> [Exercise details] The answer must be the lines from the one containing "Land Rover Range" through the last line of the data below, copied exactly, with nothing else.

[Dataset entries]
____________________
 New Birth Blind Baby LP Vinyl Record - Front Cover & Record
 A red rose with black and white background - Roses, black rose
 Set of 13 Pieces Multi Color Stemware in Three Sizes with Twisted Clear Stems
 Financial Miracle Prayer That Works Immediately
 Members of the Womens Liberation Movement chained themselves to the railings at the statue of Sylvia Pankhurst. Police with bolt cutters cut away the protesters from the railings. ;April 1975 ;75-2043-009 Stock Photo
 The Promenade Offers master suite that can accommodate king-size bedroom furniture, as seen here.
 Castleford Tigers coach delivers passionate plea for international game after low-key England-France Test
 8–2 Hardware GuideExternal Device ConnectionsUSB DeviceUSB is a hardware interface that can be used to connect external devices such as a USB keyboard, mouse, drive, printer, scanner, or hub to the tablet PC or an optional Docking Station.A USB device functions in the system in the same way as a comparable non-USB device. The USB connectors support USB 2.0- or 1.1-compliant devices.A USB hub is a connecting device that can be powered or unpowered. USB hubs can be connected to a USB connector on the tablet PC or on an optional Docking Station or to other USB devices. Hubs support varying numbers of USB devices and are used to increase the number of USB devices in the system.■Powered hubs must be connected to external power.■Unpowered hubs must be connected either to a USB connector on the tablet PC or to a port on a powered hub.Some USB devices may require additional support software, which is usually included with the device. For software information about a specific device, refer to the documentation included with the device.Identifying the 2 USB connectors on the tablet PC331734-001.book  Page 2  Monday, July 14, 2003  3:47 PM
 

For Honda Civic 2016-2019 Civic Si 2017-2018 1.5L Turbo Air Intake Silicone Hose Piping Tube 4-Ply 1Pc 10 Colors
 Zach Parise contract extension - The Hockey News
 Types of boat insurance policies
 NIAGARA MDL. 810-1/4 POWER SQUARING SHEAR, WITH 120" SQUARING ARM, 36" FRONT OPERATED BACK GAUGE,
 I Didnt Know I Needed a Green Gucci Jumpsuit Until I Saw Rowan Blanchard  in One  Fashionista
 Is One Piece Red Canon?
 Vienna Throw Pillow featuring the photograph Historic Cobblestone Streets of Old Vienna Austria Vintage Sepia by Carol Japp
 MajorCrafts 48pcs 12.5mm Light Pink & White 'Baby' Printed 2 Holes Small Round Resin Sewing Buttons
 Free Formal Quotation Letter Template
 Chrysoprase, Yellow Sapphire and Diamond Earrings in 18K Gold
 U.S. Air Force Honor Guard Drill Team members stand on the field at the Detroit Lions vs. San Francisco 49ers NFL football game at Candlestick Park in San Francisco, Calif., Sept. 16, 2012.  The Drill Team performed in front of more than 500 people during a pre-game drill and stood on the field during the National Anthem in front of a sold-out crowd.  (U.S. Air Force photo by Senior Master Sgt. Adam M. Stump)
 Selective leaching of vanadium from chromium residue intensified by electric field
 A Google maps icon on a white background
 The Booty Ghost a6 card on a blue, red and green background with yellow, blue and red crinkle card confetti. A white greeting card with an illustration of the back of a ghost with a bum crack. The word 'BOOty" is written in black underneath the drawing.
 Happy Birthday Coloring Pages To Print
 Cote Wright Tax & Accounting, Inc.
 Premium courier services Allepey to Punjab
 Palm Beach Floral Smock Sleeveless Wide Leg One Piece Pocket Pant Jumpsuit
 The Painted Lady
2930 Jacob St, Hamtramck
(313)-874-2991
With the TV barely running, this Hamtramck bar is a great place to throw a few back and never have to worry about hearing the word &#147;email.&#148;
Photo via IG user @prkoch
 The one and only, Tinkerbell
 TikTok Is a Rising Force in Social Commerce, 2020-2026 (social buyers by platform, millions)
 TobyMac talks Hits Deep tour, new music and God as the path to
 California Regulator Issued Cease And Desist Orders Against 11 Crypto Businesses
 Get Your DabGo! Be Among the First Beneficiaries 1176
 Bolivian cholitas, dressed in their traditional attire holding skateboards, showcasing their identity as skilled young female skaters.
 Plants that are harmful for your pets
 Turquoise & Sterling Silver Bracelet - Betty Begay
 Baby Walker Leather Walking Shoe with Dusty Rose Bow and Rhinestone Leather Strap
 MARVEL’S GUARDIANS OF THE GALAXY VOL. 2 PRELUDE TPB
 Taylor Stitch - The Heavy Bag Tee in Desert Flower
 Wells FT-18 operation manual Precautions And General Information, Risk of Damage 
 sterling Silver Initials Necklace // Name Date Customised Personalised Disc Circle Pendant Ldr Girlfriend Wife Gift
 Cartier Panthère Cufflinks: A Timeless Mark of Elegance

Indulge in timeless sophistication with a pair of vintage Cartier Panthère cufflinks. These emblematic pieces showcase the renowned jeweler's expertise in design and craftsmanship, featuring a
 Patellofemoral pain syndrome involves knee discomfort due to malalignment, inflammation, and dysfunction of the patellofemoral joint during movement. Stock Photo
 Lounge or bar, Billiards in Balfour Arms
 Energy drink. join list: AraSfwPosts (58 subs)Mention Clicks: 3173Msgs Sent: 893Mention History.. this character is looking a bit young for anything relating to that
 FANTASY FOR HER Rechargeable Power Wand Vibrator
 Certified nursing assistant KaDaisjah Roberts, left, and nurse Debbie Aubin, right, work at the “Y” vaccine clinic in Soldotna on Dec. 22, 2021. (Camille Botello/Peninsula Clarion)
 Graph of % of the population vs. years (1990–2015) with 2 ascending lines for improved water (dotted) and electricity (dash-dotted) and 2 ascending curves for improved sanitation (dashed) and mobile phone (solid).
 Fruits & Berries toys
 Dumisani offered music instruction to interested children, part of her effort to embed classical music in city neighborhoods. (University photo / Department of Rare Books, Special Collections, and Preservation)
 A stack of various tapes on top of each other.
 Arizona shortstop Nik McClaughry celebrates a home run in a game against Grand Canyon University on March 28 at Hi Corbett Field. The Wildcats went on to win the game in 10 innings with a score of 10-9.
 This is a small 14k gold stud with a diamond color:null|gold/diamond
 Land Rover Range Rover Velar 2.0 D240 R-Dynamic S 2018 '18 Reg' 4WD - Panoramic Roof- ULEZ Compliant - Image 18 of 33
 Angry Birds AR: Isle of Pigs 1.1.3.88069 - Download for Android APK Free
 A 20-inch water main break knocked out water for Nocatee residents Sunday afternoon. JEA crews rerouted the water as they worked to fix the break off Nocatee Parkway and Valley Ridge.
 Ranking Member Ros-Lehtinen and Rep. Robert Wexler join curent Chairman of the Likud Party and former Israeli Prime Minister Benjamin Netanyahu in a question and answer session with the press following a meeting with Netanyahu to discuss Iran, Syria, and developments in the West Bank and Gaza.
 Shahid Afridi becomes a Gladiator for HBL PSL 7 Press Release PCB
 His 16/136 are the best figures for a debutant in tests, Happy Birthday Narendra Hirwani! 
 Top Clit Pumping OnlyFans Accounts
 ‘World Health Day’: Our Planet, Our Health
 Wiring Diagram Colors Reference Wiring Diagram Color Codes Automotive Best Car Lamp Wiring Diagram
____________________
> [Result for this exercise]
 Land Rover Range Rover Velar 2.0 D240 R-Dynamic S 2018 '18 Reg' 4WD - Panoramic Roof- ULEZ Compliant - Image 18 of 33
 Angry Birds AR: Isle of Pigs 1.1.3.88069 - Download for Android APK Free
 A 20-inch water main break knocked out water for Nocatee residents Sunday afternoon. JEA crews rerouted the water as they worked to fix the break off Nocatee Parkway and Valley Ridge.
 Ranking Member Ros-Lehtinen and Rep. Robert Wexler join curent Chairman of the Likud Party and former Israeli Prime Minister Benjamin Netanyahu in a question and answer session with the press following a meeting with Netanyahu to discuss Iran, Syria, and developments in the West Bank and Gaza.
 Shahid Afridi becomes a Gladiator for HBL PSL 7 Press Release PCB
 His 16/136 are the best figures for a debutant in tests, Happy Birthday Narendra Hirwani! 
 Top Clit Pumping OnlyFans Accounts
 ‘World Health Day’: Our Planet, Our Health
 Wiring Diagram Colors Reference Wiring Diagram Color Codes Automotive Best Car Lamp Wiring Diagram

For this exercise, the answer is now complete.